Ia menilai bahwa beberapa poin dalam regulasi yang baru disahkan ini berpotensi menggeser prinsip demokrasi yang telah diperjuangkan sejak reformasi 1998.
Menurut Udi, semangat reformasi menegaskan bahwa TNI sebagai alat pertahanan negara harus tetap netral dan tidak masuk ke ranah sipil maupun politik praktis.
Ia mengingatkan agar pengesahan UU ini tidak menjadi langkah mundur yang justru membuka peluang bagi kembalinya dwifungsi militer.

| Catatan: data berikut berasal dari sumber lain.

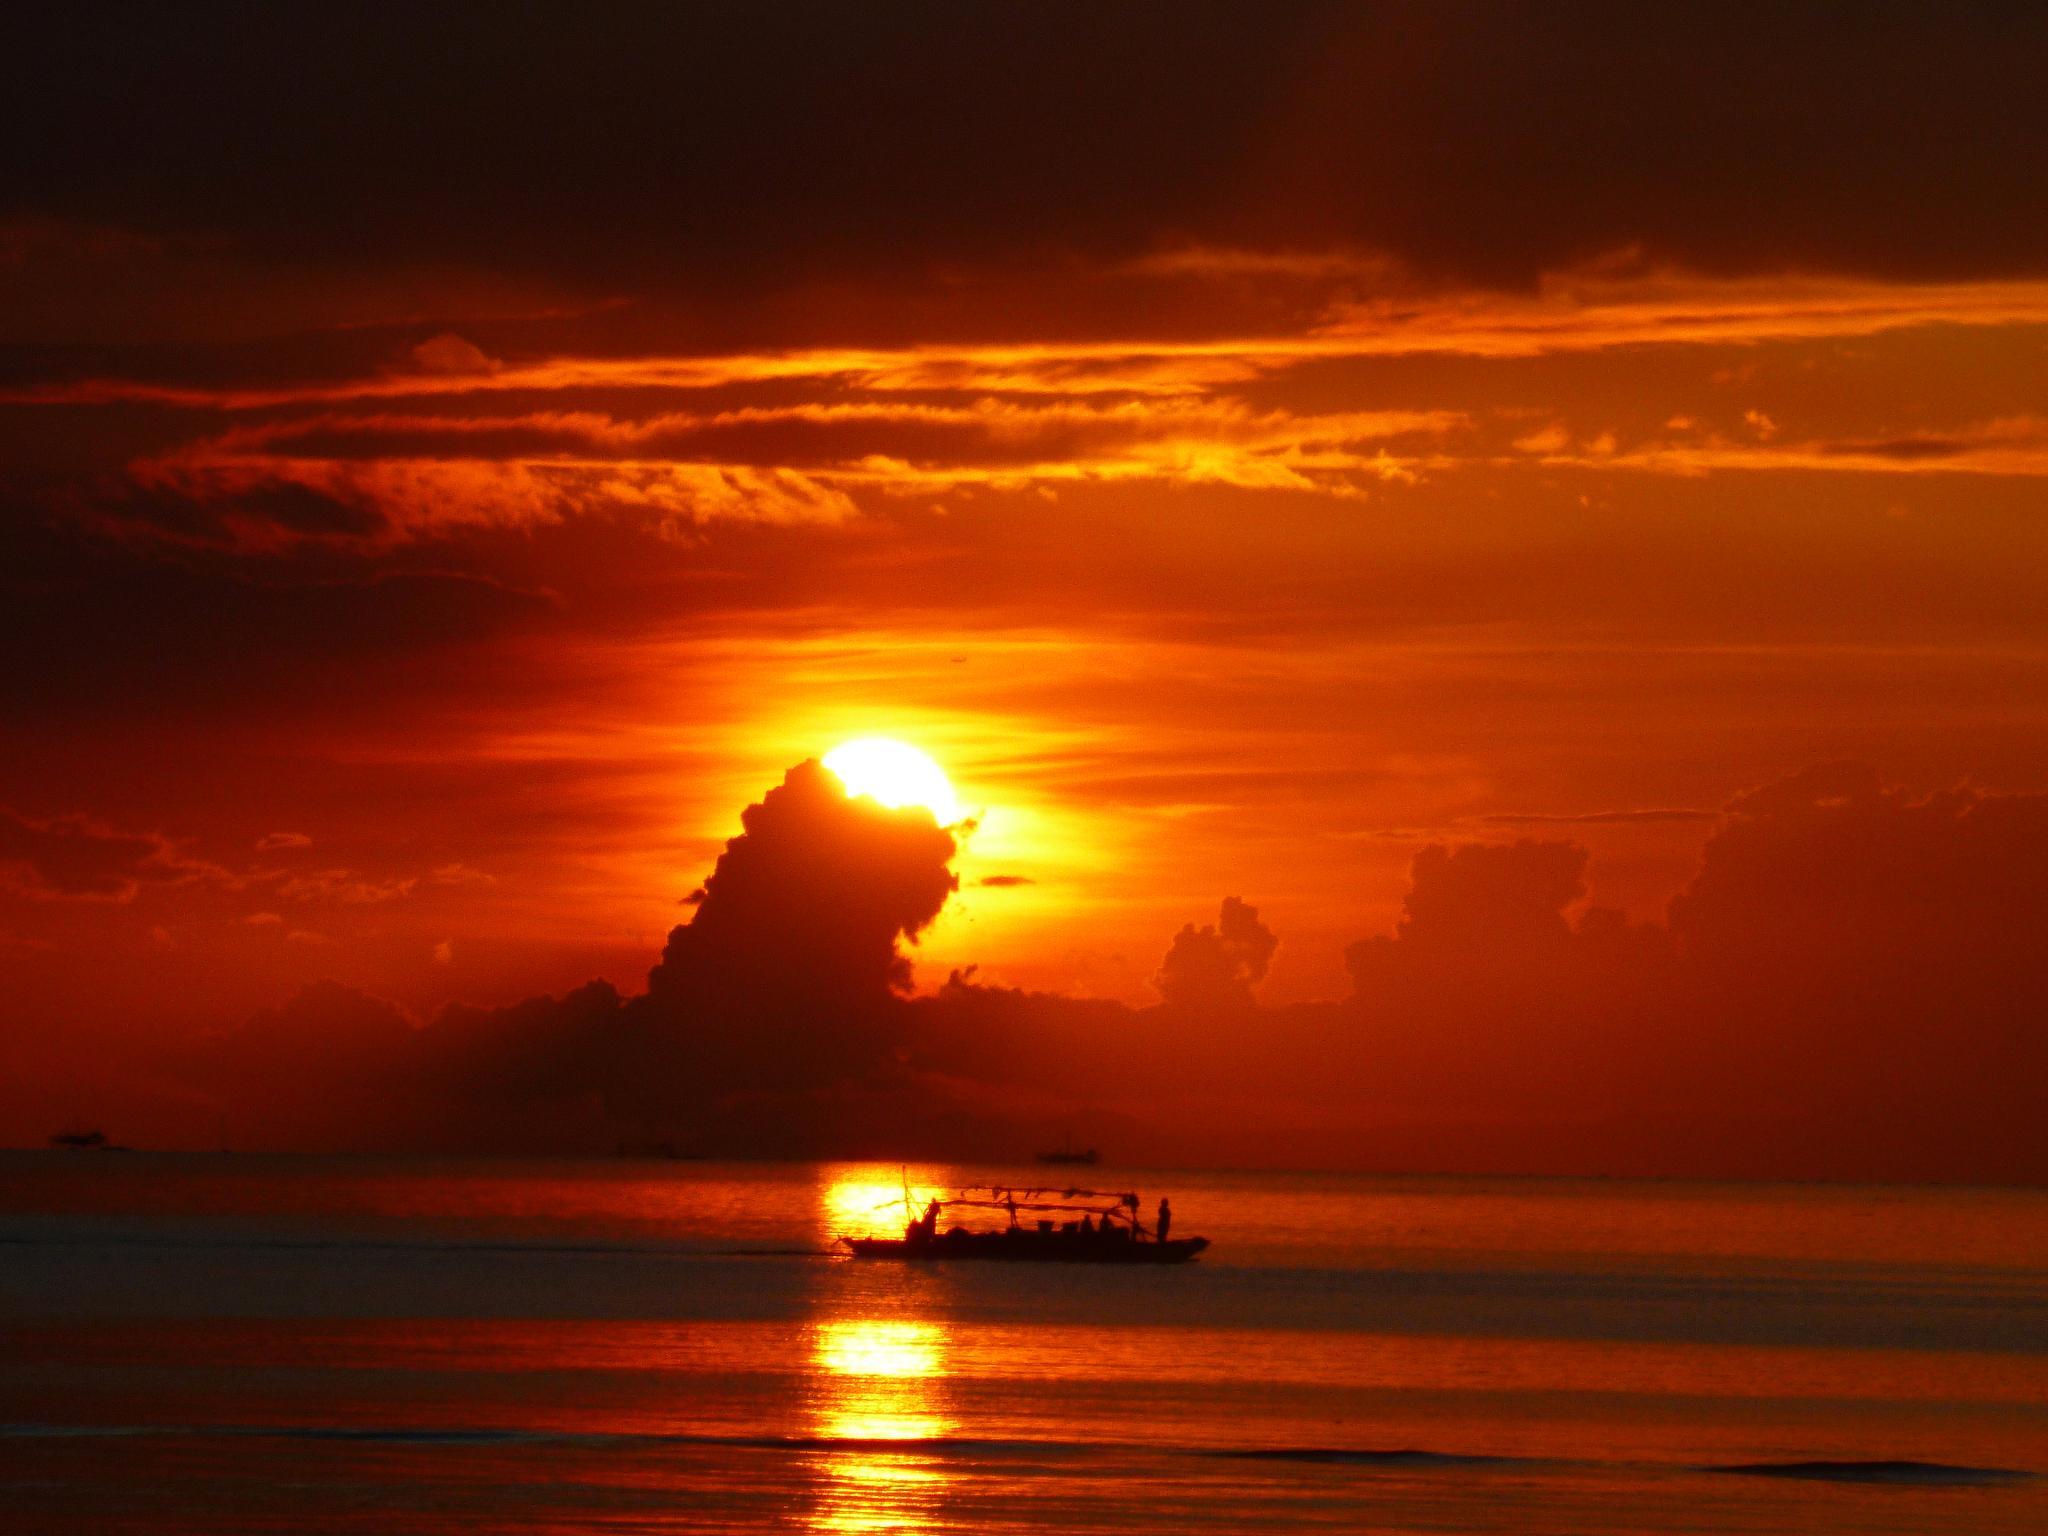 Sunset by Cj Pingul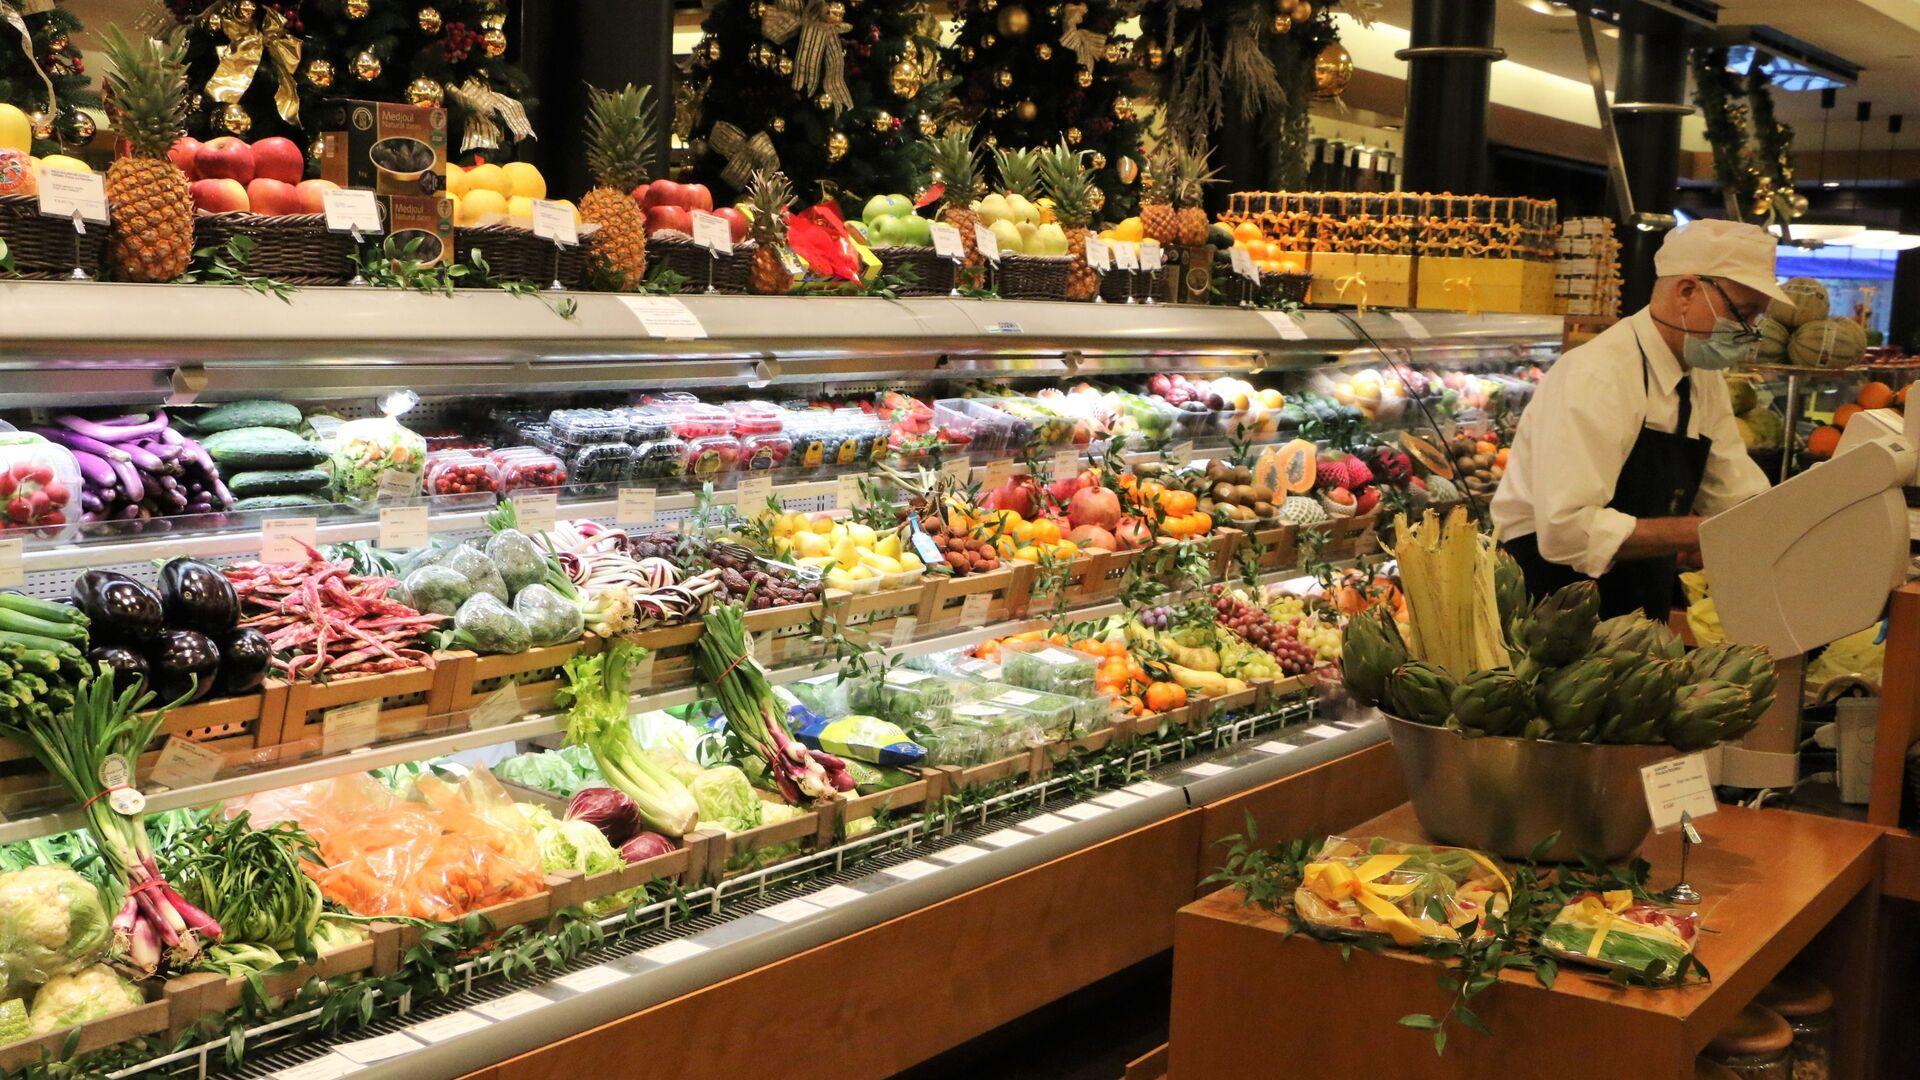 Banco di frutta e verdura in un supermercato - Sputnik Italia, 1920, 13.02.2021

“Kami menghormati peran vital TNI dalam menjaga kedaulatan negara, tetapi jangan sampai ada regulasi yang justru memberi ruang bagi militer untuk kembali berperan di luar fungsi pertahanan. Reformasi harus tetap dijaga,” tegas Udi kepada Fakta Banten, Minggu (23/3/2025).
Lebih lanjut, ia menyoroti pentingnya partisipasi masyarakat sipil dalam setiap kebijakan strategis yang menyangkut institusi negara.
Menurutnya, pengesahan UU TNI 2025 seharusnya didahului dengan diskusi yang lebih luas, melibatkan akademisi, tokoh masyarakat, serta organisasi kepemudaan seperti KNPI.
“Pemerintah dan DPR RI harus membuka ruang dialog lebih luas. Jangan sampai ada pasal-pasal yang ditetapkan tanpa kajian mendalam dan masukan dari masyarakat. Ini bukan hanya soal pertahanan negara, tetapi juga soal bagaimana demokrasi kita berkembang ke depan,” terangnya.
Salah satu poin yang menjadi perhatian dalam UU TNI 2025 adalah kemungkinan pelibatan kembali militer dalam urusan sipil dalam kondisi tertentu.
Beberapa pihak mengkhawatirkan bahwa aturan ini dapat membuka celah bagi militer untuk kembali memiliki pengaruh di luar fungsi pertahanan.
Selain itu, wacana penempatan perwira aktif di jabatan sipil juga menjadi isu krusial yang memicu perdebatan.
Udi Wahyudi menekankan bahwa prinsip supremasi sipil harus tetap menjadi landasan dalam setiap kebijakan negara.
“Jika ada aturan yang memungkinkan militer terlibat dalam urusan sipil tanpa kontrol yang jelas, ini bisa menjadi preseden buruk bagi demokrasi kita. Reformasi menegaskan bahwa militer harus profesional dan fokus pada pertahanan negara,” ujarnya.
Sebagai pemuda yang aktif dalam organisasi kepemudaan, Udi Wahyudi juga mengajak generasi muda untuk lebih peduli terhadap isu-isu strategis seperti ini.
Ia menegaskan bahwa masa depan demokrasi Indonesia bergantung pada keterlibatan anak muda dalam mengawal kebijakan negara.
“Jangan hanya diam. Kita harus kritis dan berani menyuarakan pendapat demi masa depan bangsa yang lebih baik. Jangan sampai kita terlena dengan kebijakan yang berpotensi mengancam demokrasi yang telah diperjuangkan,” tutupnya.
Dengan berbagai sorotan yang muncul, Udi berharap agar pemerintah dan DPR RI dapat mendengar aspirasi publik dan memastikan bahwa UU TNI 2025 benar-benar membawa manfaat tanpa mengorbankan nilai-nilai demokrasi dan reformasi yang telah dibangun selama ini. (*/Sahrul).